═════ Material to process
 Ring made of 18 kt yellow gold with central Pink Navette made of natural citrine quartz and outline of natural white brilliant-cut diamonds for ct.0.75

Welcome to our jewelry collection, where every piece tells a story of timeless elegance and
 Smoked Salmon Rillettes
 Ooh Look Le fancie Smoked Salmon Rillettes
══════════
═════ Material to process
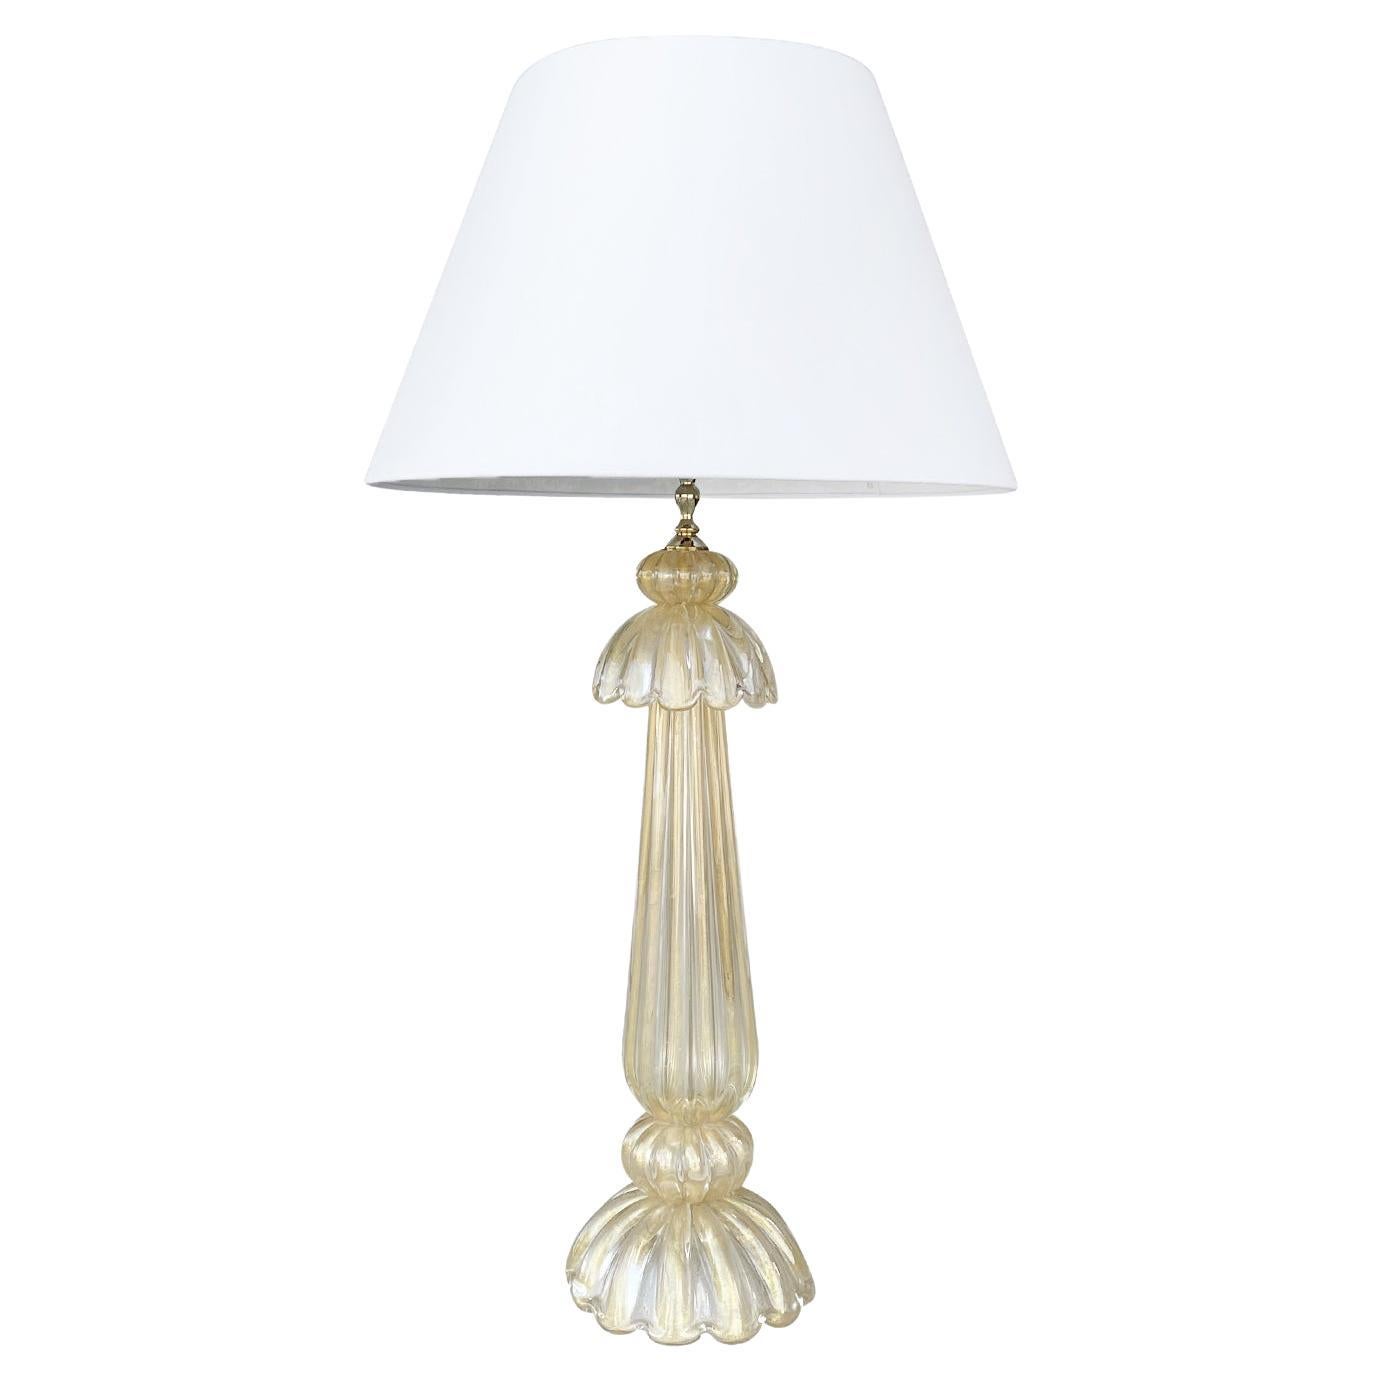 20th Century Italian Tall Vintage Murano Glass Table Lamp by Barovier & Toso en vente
══════════
Your task –
Among the records above, find each line holding "Smoked" and list it.

Problem solution –
 Smoked Salmon Rillettes
 Ooh Look Le fancie Smoked Salmon Rillettes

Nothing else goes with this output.